2. Most laboratories have abandoned the 24 hour conversion ratio in evaluating thyroid function. Instead, the serum radioactivity is determined 72 hours after ingestion of radioactive iodine. This time lapse permits the unbound 131Iodine to be excreted by the kidneys.

3. Thyroid scans correlated with careful palpation of the thyroid gland provide some impression as to the gland size. Yet this method is not very accurate. Some workers have injected air into the fascial planes in order to delineate the gland upon AP and lateral X-ray views of the neck. When a lateral scan of the thyroid is added to the anterior scan, the estimation of size can be made more accurately.

4. The average value of the 24 hour thyroid uptake appeared to be unusually high in the paper by Frada. et al. For comparison, I reviewed the 24 hour uptake in the last 50 cases performed in our laboratory. The possibility of bias for low values was eliminated by omitting all studies on patients with a suspected diagnosis of hypothyroidism and of cancer which is frequently associated with low values. Cases with suspected hyperthyroidism were not eliminated. The average uptake in the remaining 40 patients was 25. 5%, compared with 39% for 48 subjects reported in the Italian study (four high readings in an obviously toxic range were eliminated). It is apparent that either our group of patients has a lower iodine uptake than Frada’s or the techniques of the tests in the two laboratories must be significantly different. Possibly the Italian technique includes a wider area of the neck and therefore more radioactivity is counted within the blood pool. This may also account for the differences in the short interval readings. All of their 8 hour readings were above 20% whereas the upper limits of normal for our 6 hour uptake is 10%. The differences in these two papers exemplify the conflicting literature during the past century. Although many agree with Hein et a1. (6) who concluded on the basis of radioactive fluoride in rats that the thyroid selectivity concentrates fluoride from dilute solutions. Yet it is doubtful that such concentrations cause microscopic, macroscopic or physiological changes.

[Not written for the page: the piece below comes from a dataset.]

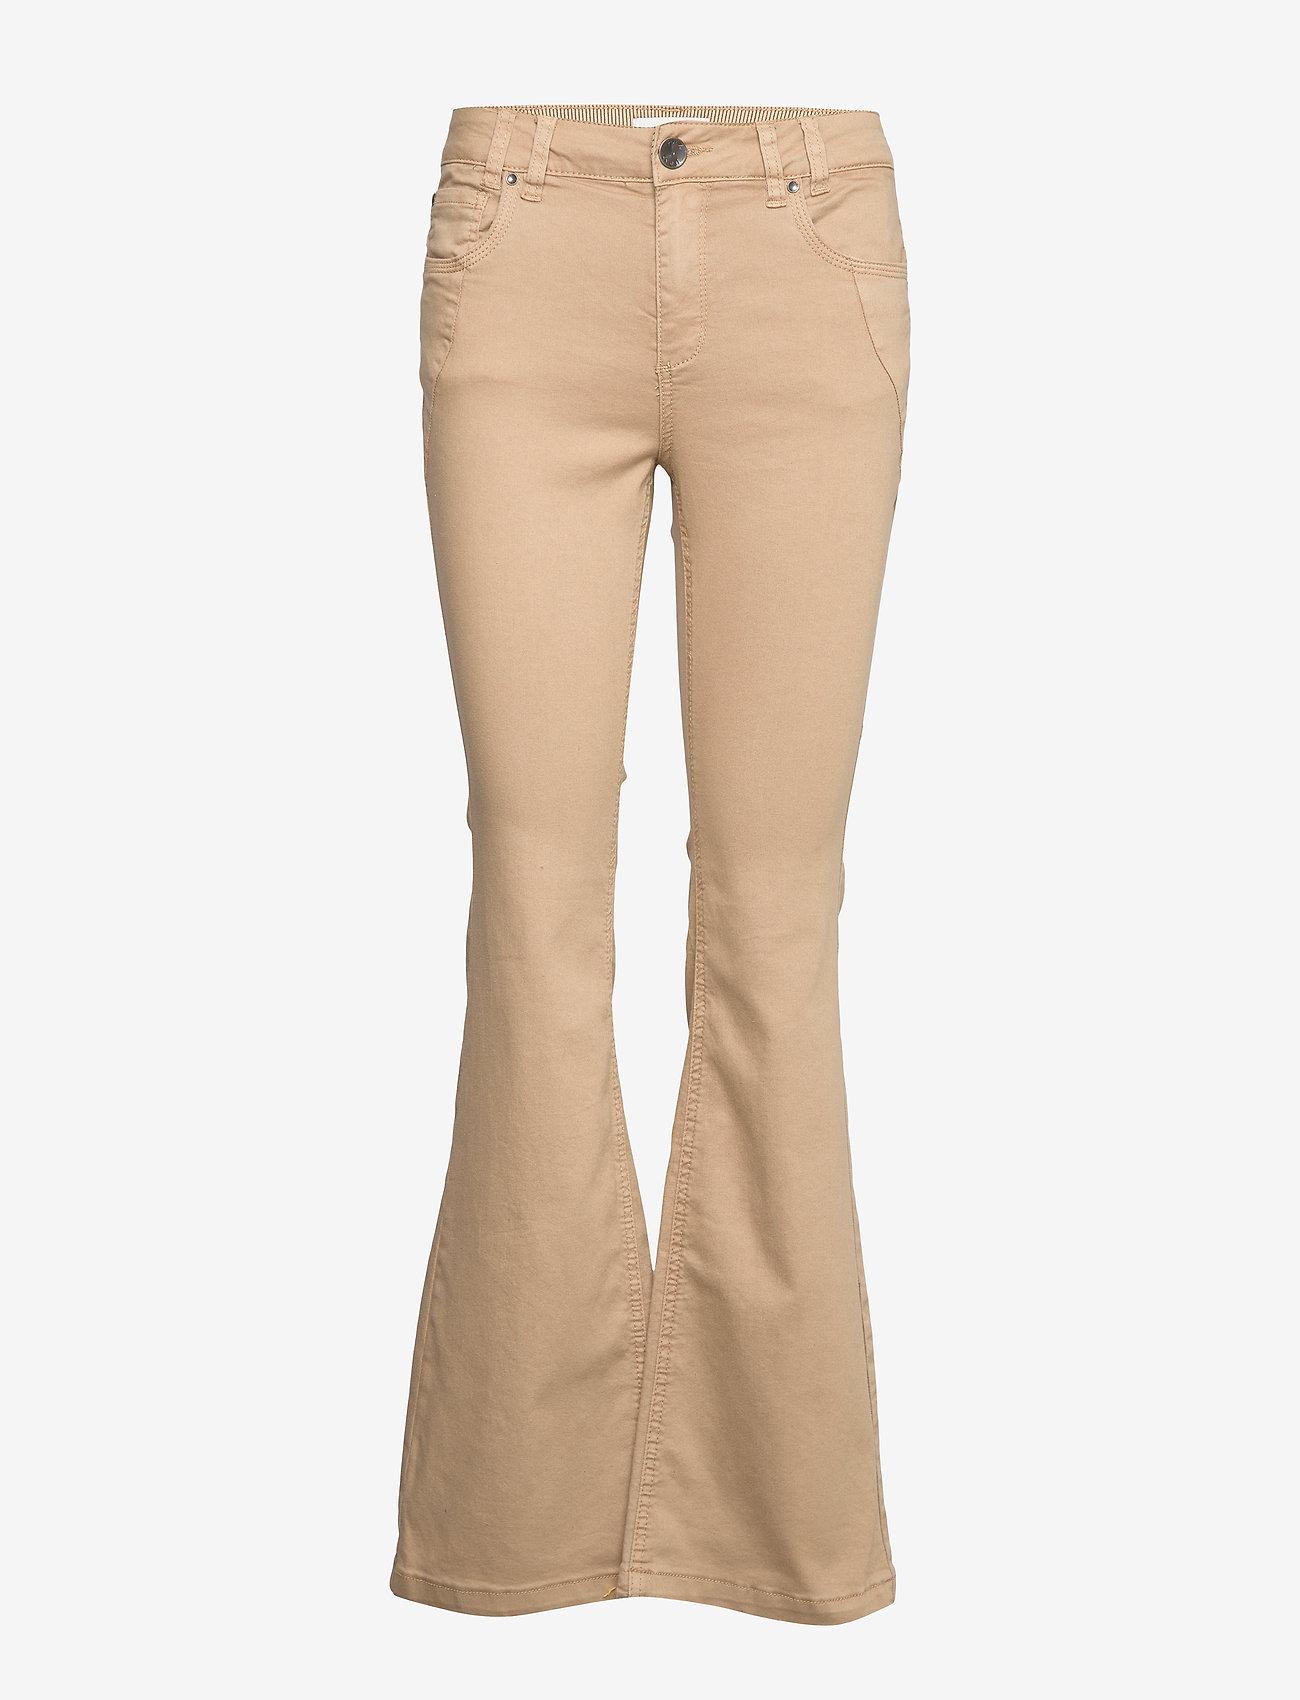 Pulz Jeans - PZRITA Pant - schlaghosen - tannin - 0

Nonetheless, the literature does permit some generalizations: 1) Fluoride enters the thyroid gland and under certain conditions suppresses the production of thyroxine. 2) The conflicting data suggest the operation of additional parameters which have not been controlled. 3) The more active the thyroid gland, the more sensitive it is to the effects of fluoride.

Biblography:

1. Maumene, E.: Experience pour Determine l’Action des Fluorures sur l’Economie Animale (Experiments Concerning the Action of Fluoride on the Animal Organism). Compt. Rend. 39:538-40, 1854.

2. Gorlitzer, V.: Ein Neuer Weg Zur Behandlung der Thyrotoxicose mit Fluorwasserstoffsliure. Med. Klin. 26:717, 1932.

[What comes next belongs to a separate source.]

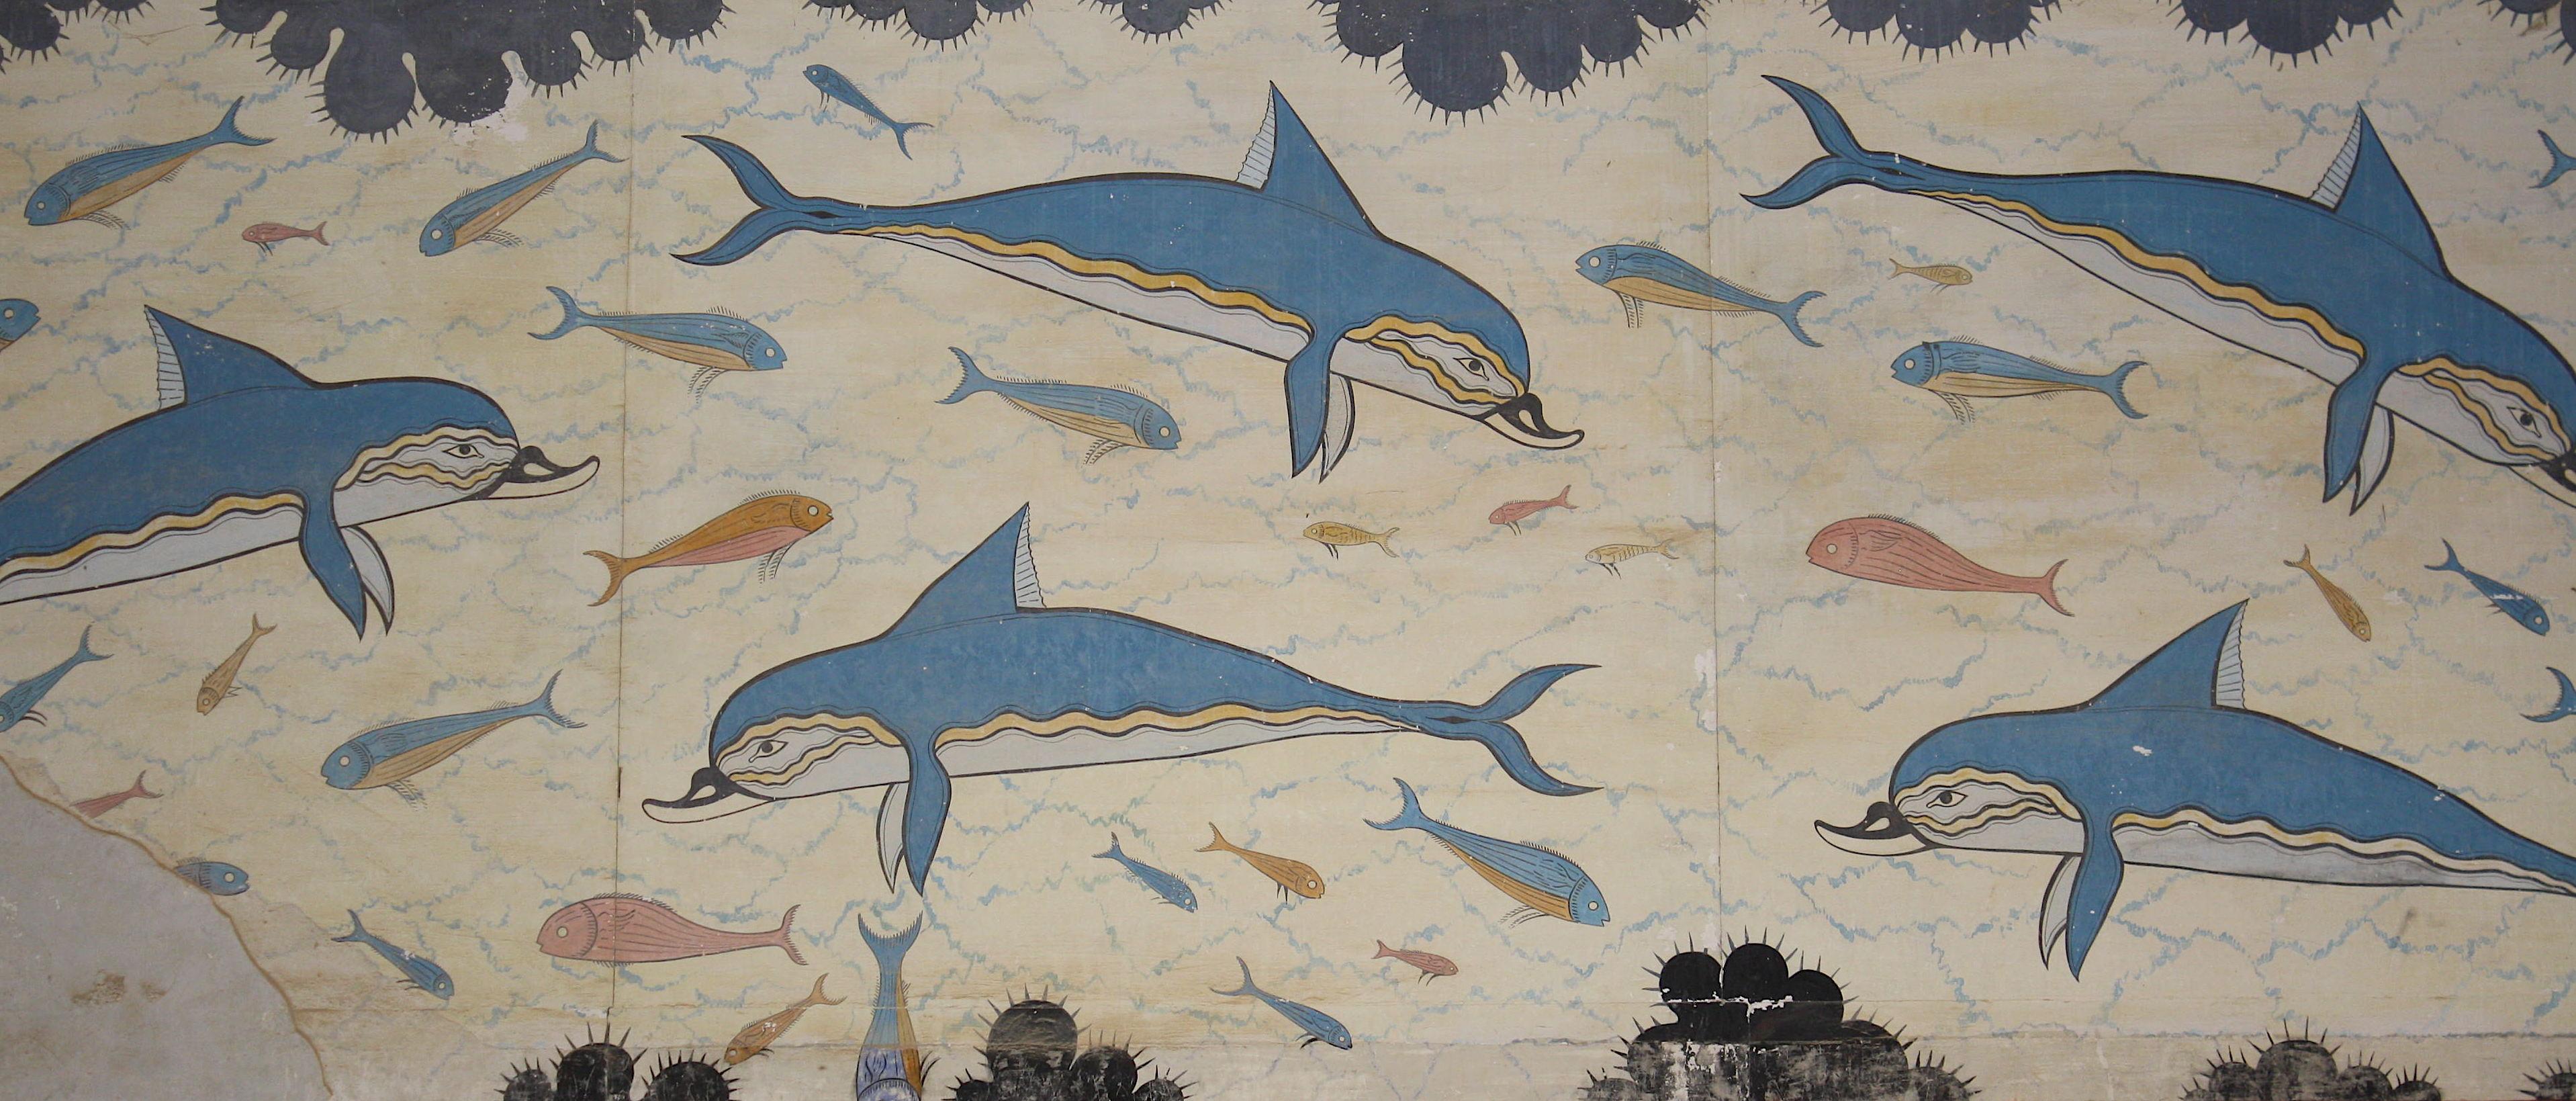 Dolphin fresco knossos crete illustration ancient for Dolphin mural knossos

3. Baumann, E.J. and Metzer, N.: Behavior of the Thyroid toward Elements of the Seventh Periodic Group. I. Halogens and Thiocyanates. Proc. Soc. Exp. Med. and BioI., 70:536-540, 1949.

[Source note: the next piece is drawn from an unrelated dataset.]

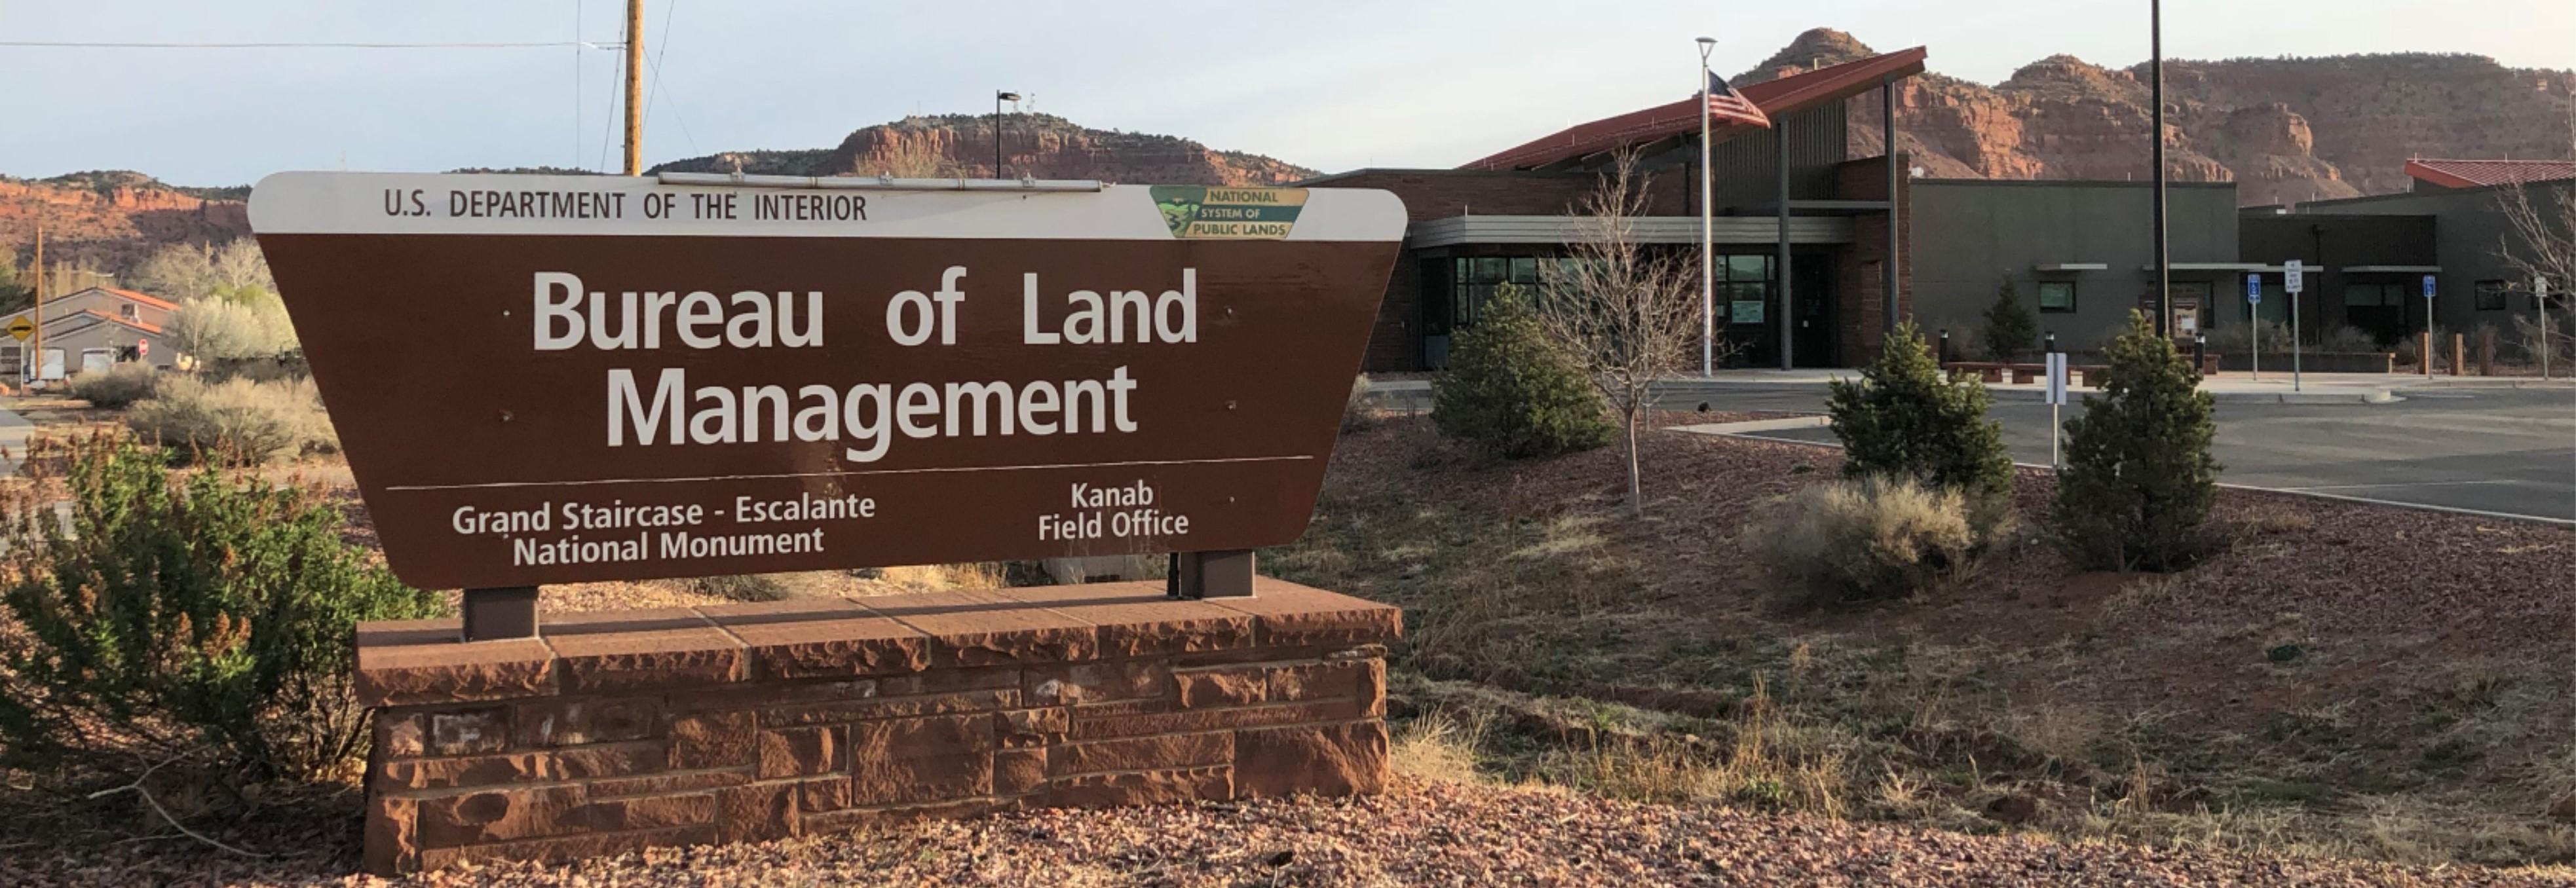 Utah - Kanab Field Office | BUREAU OF LAND MANAGEMENT

4. Galletti, p. M. and Joyet, G.: Effect of Fluorine on Thyroidal Iodine Metabolism in Hyperthyroidism. J. Clin. Endocr. Metab. 18:1102-10,1958.

5. Marier, J. R., Rose, D. and Boulet, M.: Accumulation of Skeletal Fluoride and its Implications. Arch. of Environ. Health 6:664-671, May, 1963.

6. Hein, J. W., Smith, F. A. and Brudevold, F.: Distribution of one Part Per Million of Fluoride as Radioactively Tagged Sodium Fluoride in Soft Tissues of Adult Female Albino Rats. Journ. Dent. Res. 33:709-710,1954.